Posted by Honore on April 20, 2007, at 12:02:51
In reply to How quickly the tide can turn, posted by jammerlich on April 20, 2007, at 11:24:31
Jammer, you are doing great. I so admire the risks you've been taking, and the way you've taken the initiative.
It's hard at first-- but you'll get much more used to it. You'll build up that consciousness of the reality that your T (in this case) wanted to see you==-- that other people do want to be there, and value you, even if maybe, at a moment, it doesn't work out, or there's discomfort, or even misunderstanding.
There can be important steps that, over time, will help you put to rest the fear that it's the same old rejection. It isn't, even though it pulls out those old thoughts and feelings from long ago.
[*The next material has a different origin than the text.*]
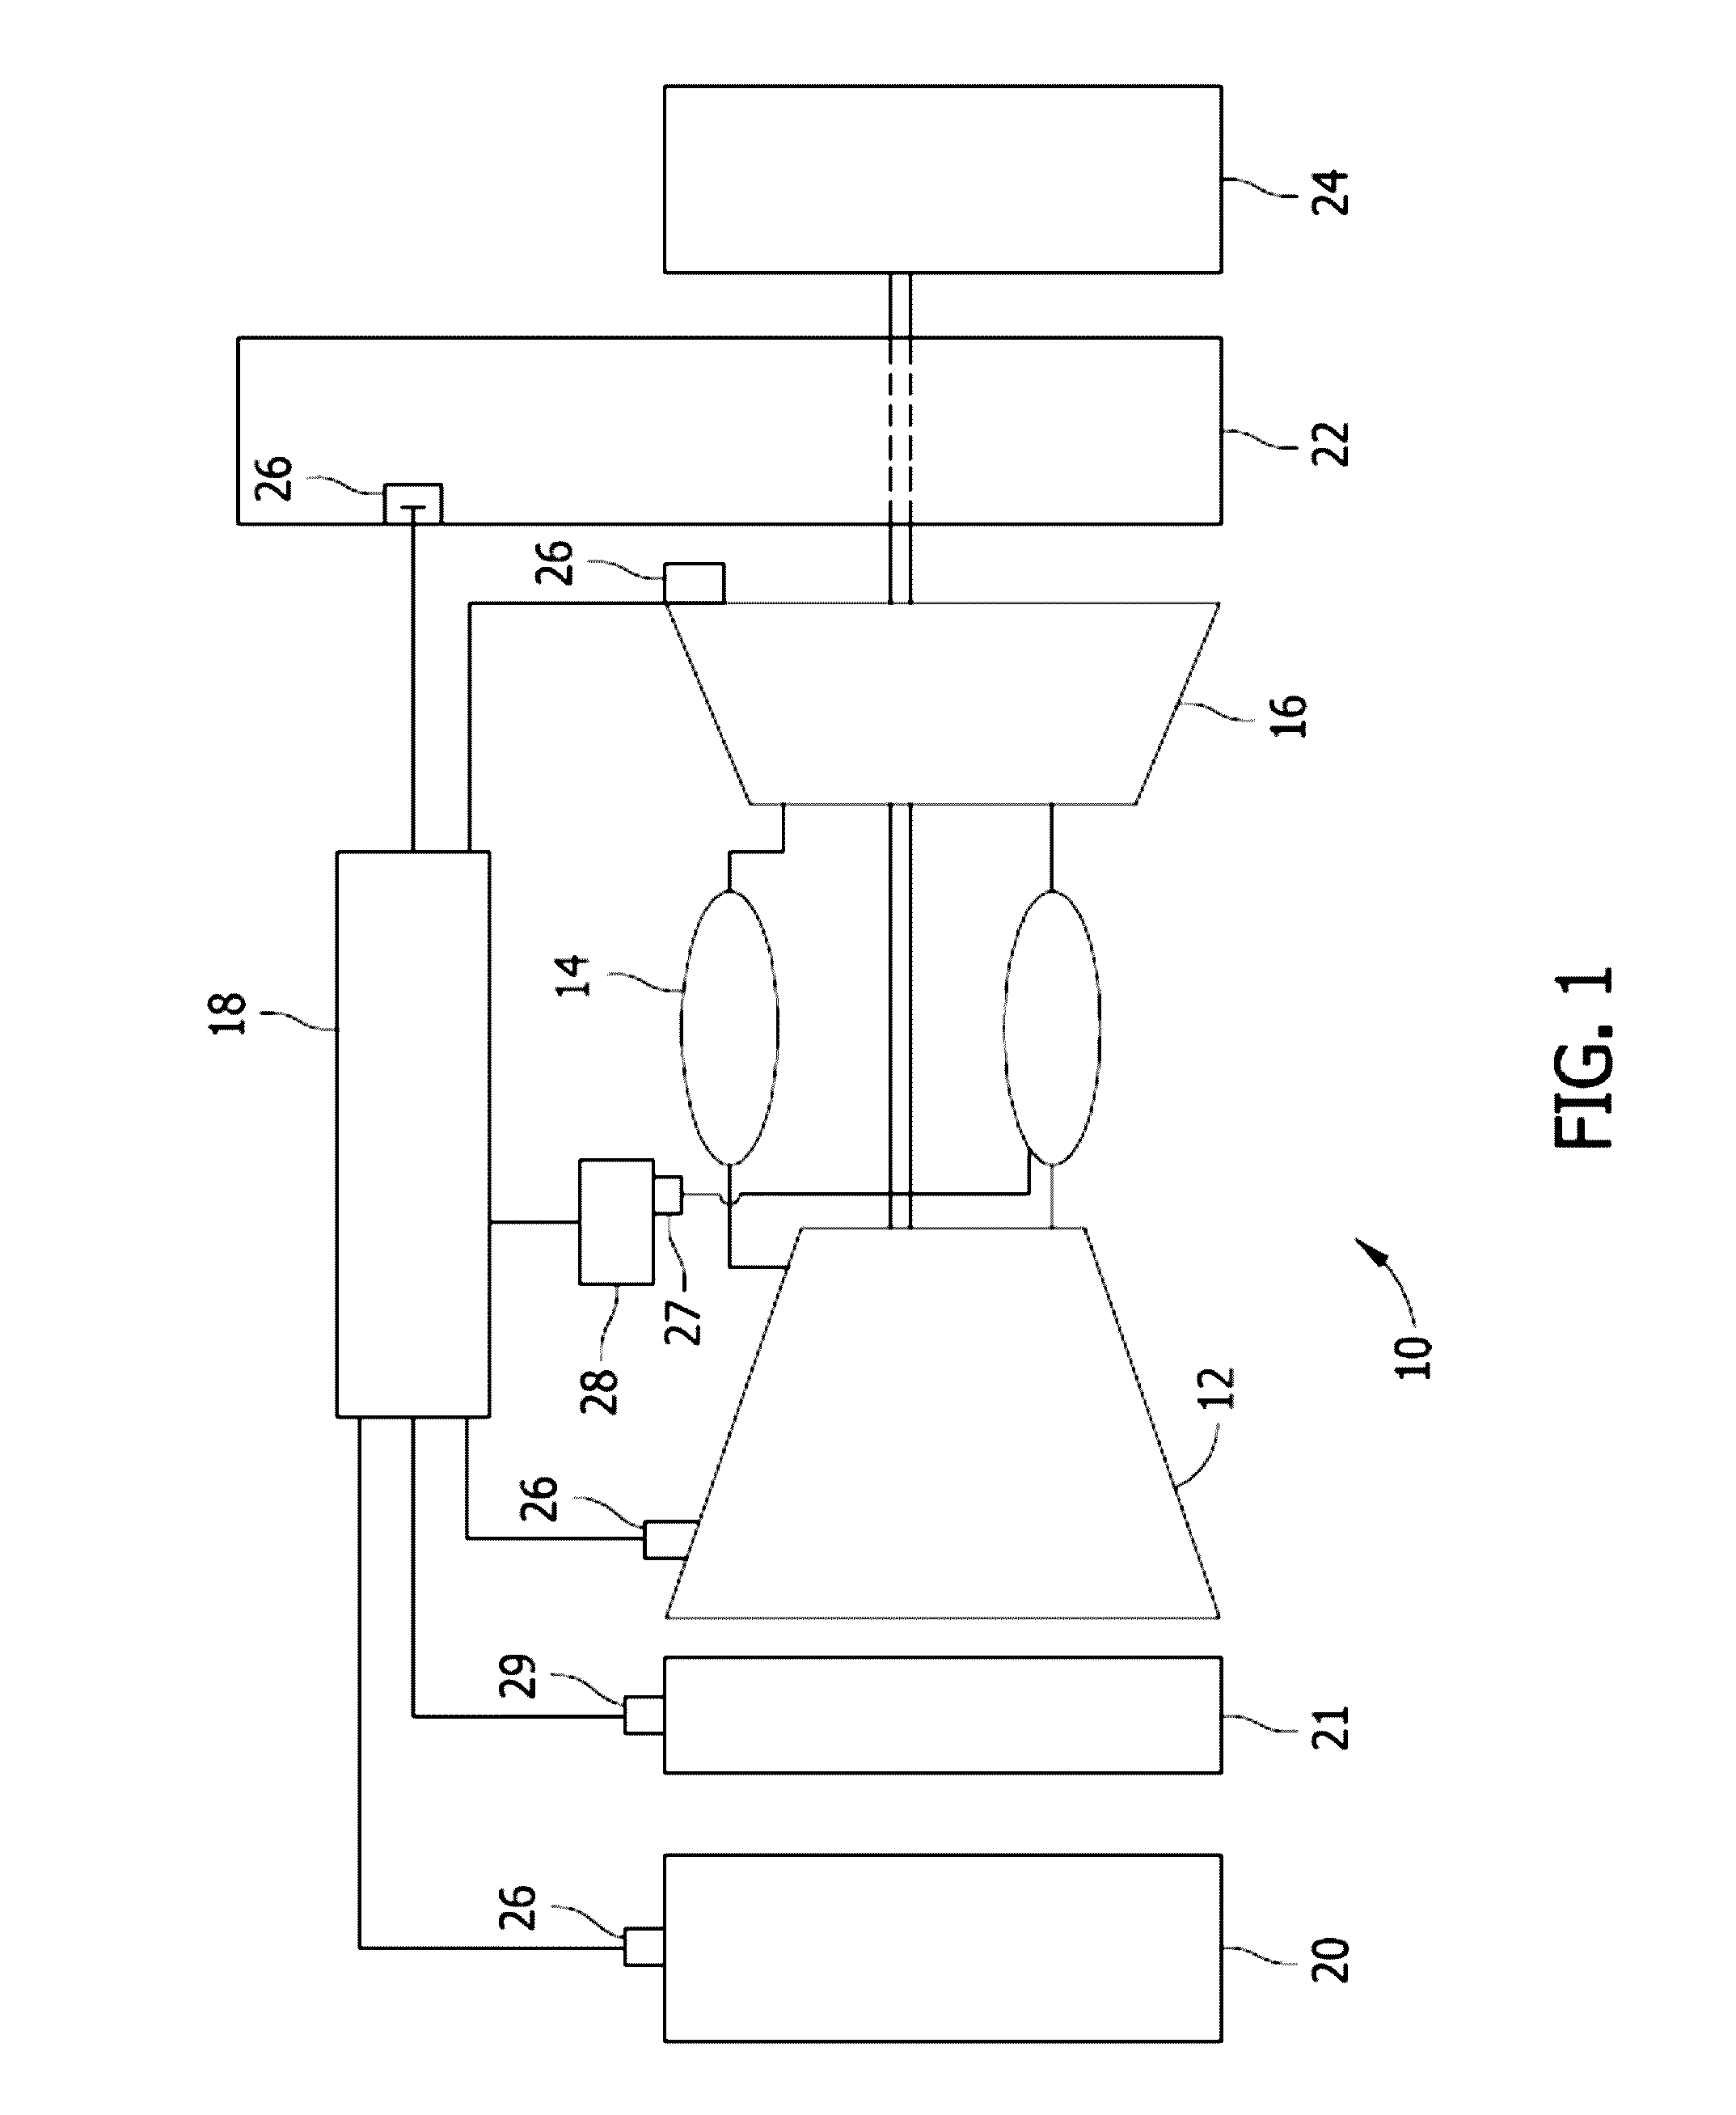 Application of probabilistic control in gas turbine tuning for emissions-exhaust energy parameters, related control systems, computer program products and methods

It's so important that you're opening up this deeper dialogue. There's so much to share with her, and to explore-- Try not to be discouraged by this disappointment -- or other moments when she might ask a question that sounds scary. I'm sure she didn't mean to equate the two things (your husband's self-deceptions and your not expressing frustration about some things you agree to do). But it may open up a larger discussion about ways that maybe you don't let people know where you are-- which may lead to more confusion and hurt for both over the long run.
I don't know exactly what she had in mind-- but I can't believe she was equating the two-- maybe just saying that we all have our ways of being less than fully honest-- of course--- and perhaps hoping you could look at how that doesn't support you-- and lead to the best communication in your relationships.
Maybe it was a bad segue? or maybe something else-- more interesting, and less hurtful than you imagine? Whatever it is, you're right to remember that you're focussing on the one bad thing, when there are so many good things to remember.
I know it's really hard. But to me, it seems like such a wonderful sign that you've moving forward, that I can't be entirely sad or worried.
{{{Jammer}}}
Honore
Posted by gazo on April 21, 2007, at 21:23:23
In reply to Re: How quickly the tide can turn » jammerlich, posted by Honore on April 20, 2007, at 12:02:51
hey sweet stuff. :o)
now remember, i wasn't there so it's at least 3/4 BS for me to say, but it seems to me that she was pointing out the degrees of dishonesty.. Cake is still cake but doesn't make 'em both chocolate.
remember... he was dishonest to protect himself, you are somewhat dishonest to protect him too.
you will definitely need to explore this more.. especially since it has hit a chord with you.